Evidence for Fgf and Wnt regulation of Lhx2 during limb development via two limb-specific Lhx2-associated cis-regulatory modules

Jessica C Britton ¹ Anett Somogyi-Leatigaga ¹ Billy A Watson ¹ Endika Haro ² Cassidy G Mulder ¹ Allen M Cooper ¹ Kristen L Whitley ¹ Ruth-Love Yeboah ¹ Jeanyoung Kim ¹ Micah Yu ¹ Jairo D Campos ¹ Japhet Amoah ¹ Shimako Kawauchi ³ Eunyoung Kim ³ Charmaine U. Pira ¹ Kerby C. Oberg ^1*

• ¹ Loma Linda University, Loma Linda, United States
• ² Instituto de Biomedicina y Biotecnología de Cantabria, Santander, Spain
• ³ University of California, Irvine, Irvine, California, United States

In vertebrate limb morphogenesis, wingless-related integration site (Wnt) proteins and fibroblast growth factors (Fgfs) secreted from the apical ectodermal ridge (AER) coordinate proximodistal outgrowth. Fgfs also sustain sonic hedgehog (Shh) in the zone of polarizing activity (ZPA). Shh directs anteroposterior patterning and expansion and regulates AER-Fgfs, establishing a positive regulatory feedback loop that is vital in sustaining limb outgrowth. The transcription factor Lhx2 limb-specific CRMs LIM homeodomain 2 (Lhx2) is expressed in the distal mesoderm and coordinates AER and ZPA signals that control cellular proliferation, differentiation, and shaping of the developing limb.
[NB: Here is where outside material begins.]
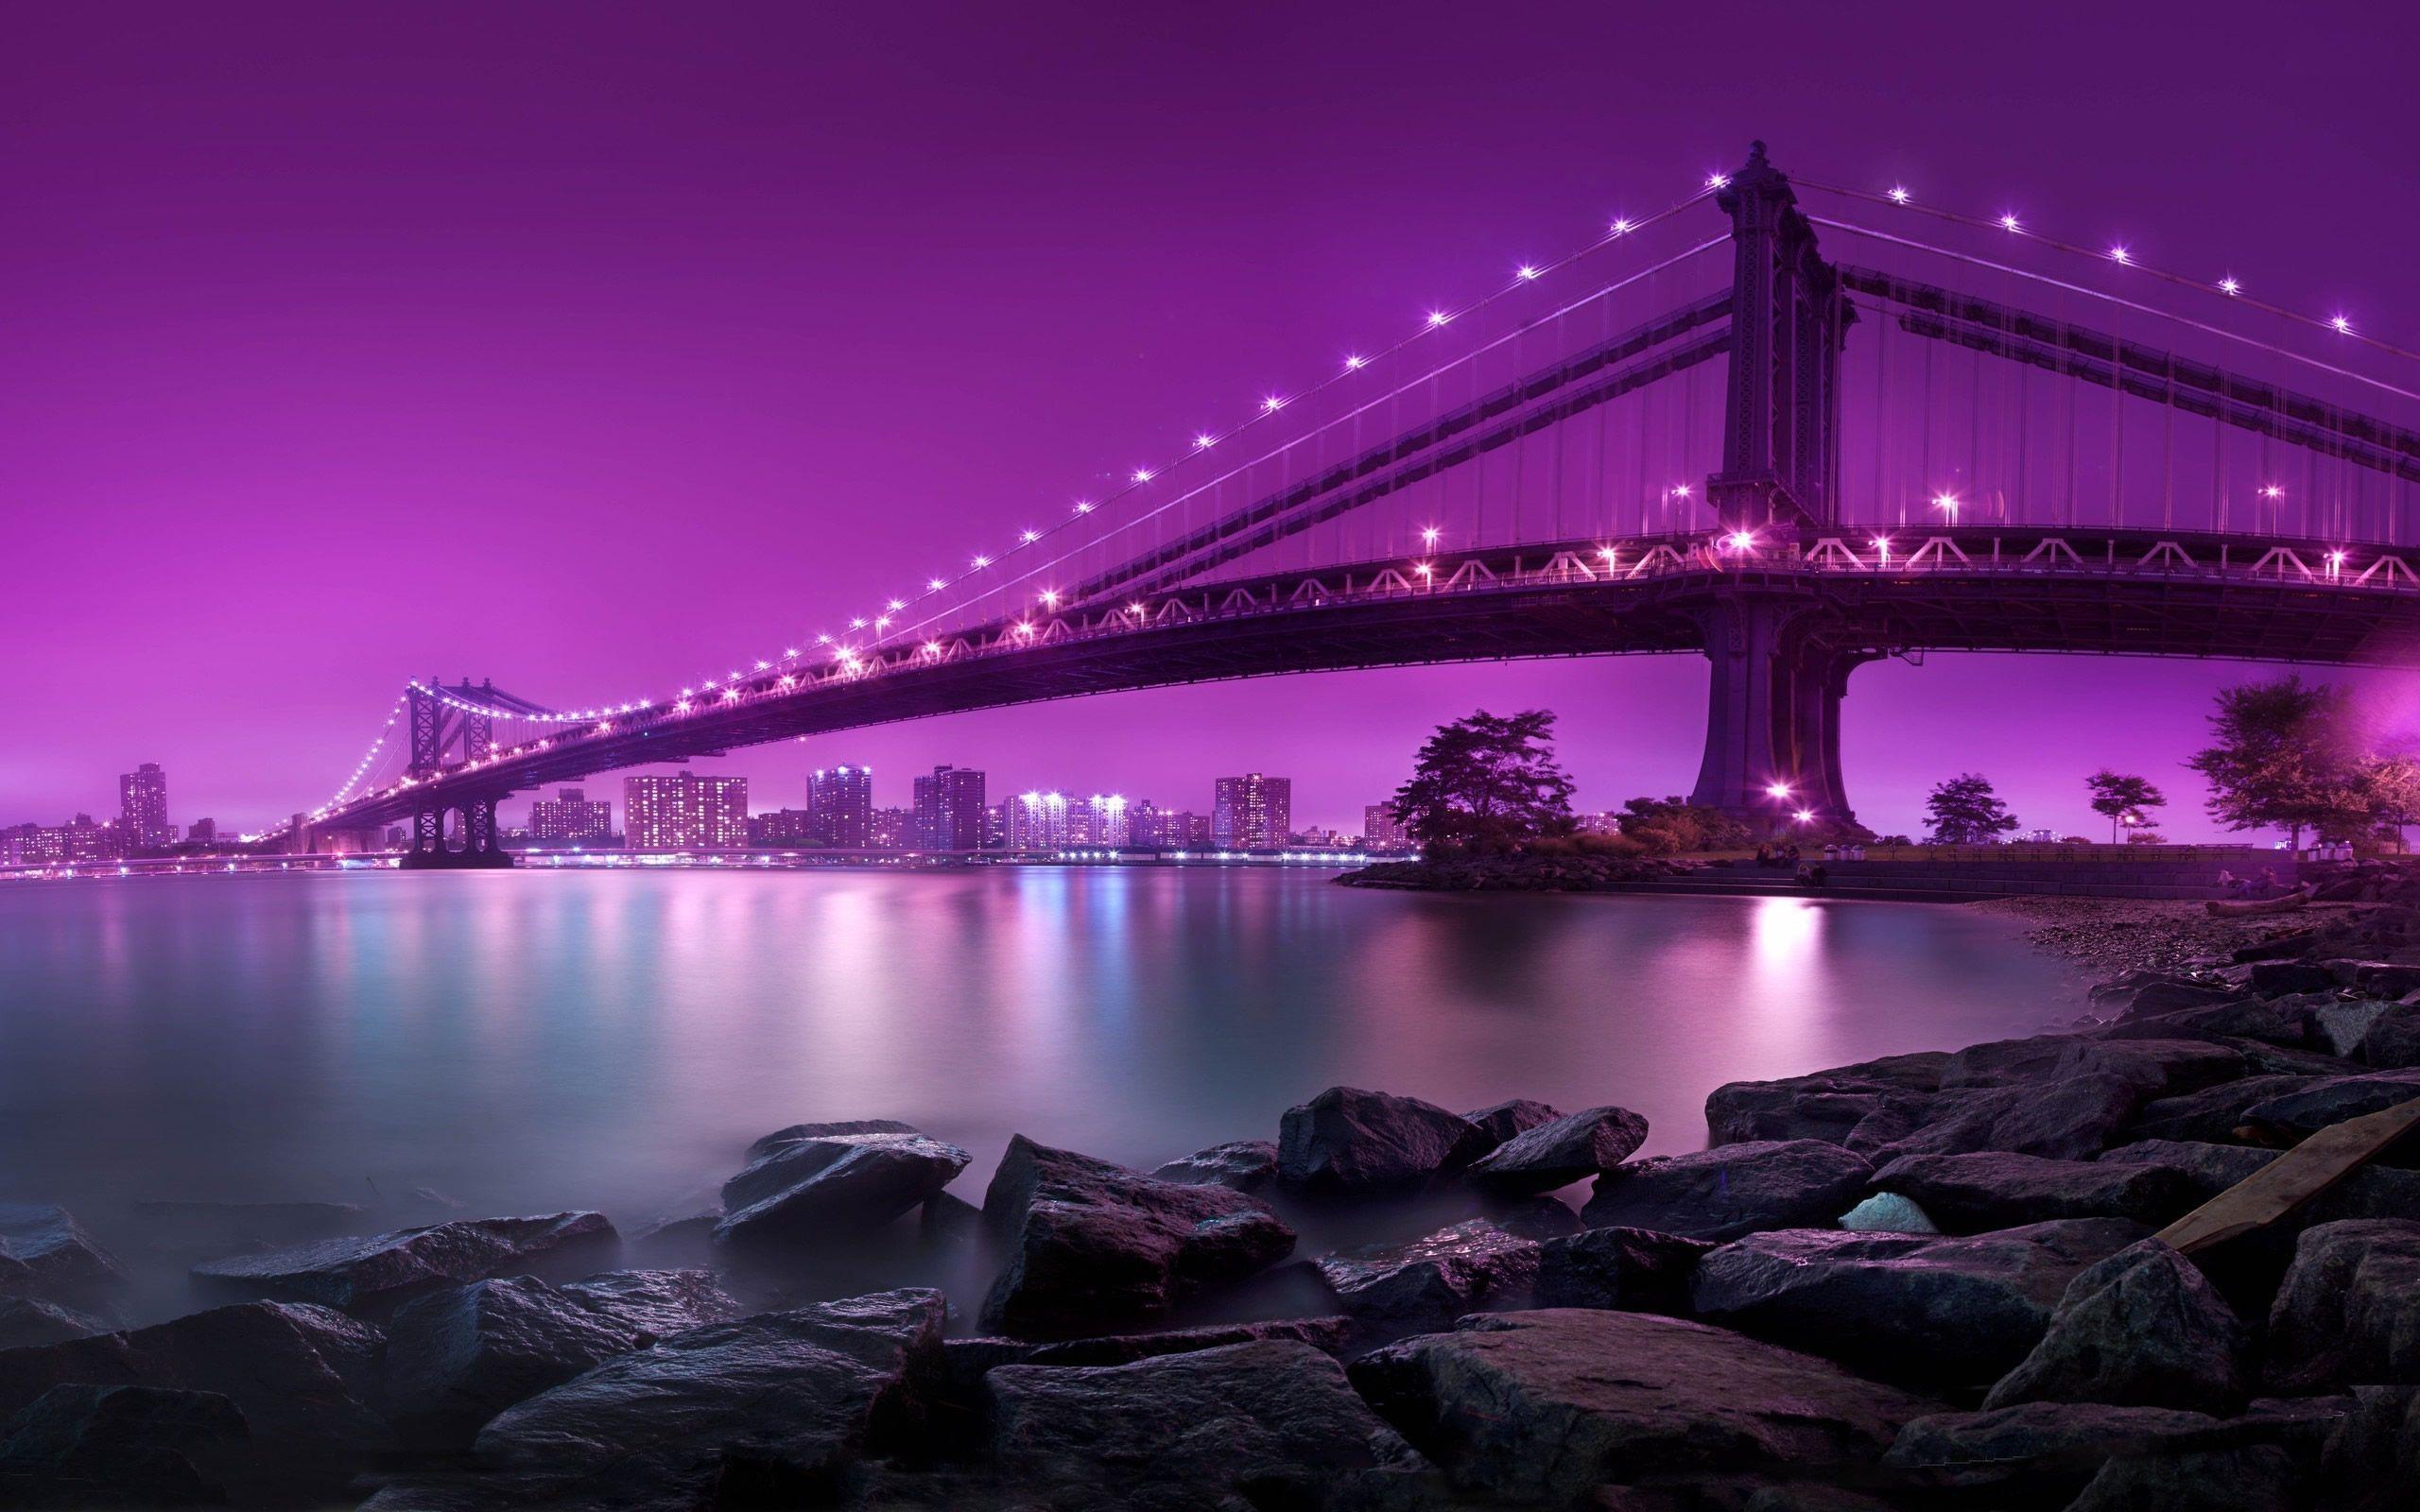 Purple HD Wallpapers - Wallpaper Cave

Yet how Lhx2 is transcriptionally regulated to support such functions has only been partially characterized. We have identified two limb-specific cis-regulatory modules (CRMs) active within the Lhx2 expression domain in the limb. Chromatin conformation analysis of the Lhx2 locus in mouse embryonic limb bud cells predicted CRMs-Lhx2 promoter interactions. Single-cell RNA-sequencing analysis of limb bud cells revealed co-expression of several Fgf-related Ets and Wnt-related Tcf/Lef transcripts in Lhx2-expressing cells. Additionally, disruption of Ets and Tcf/Lef binding sites resulted in loss of reporter-driven CRM activity. Finally, binding of β-catenin to both Lhx2-associated CRMs supports the associated binding of Tcf/Lef transcription factors. These results suggest a role for Ets and Tcf/Lef transcription factors in the regulation of Lhx2 expression through these limb-specific Lhx2-associated CRMs. Moreover, these CRMs provide a mechanism for Fgf and Wnt signaling to localize and maintain distal Lhx2 expression during vertebrate limb development.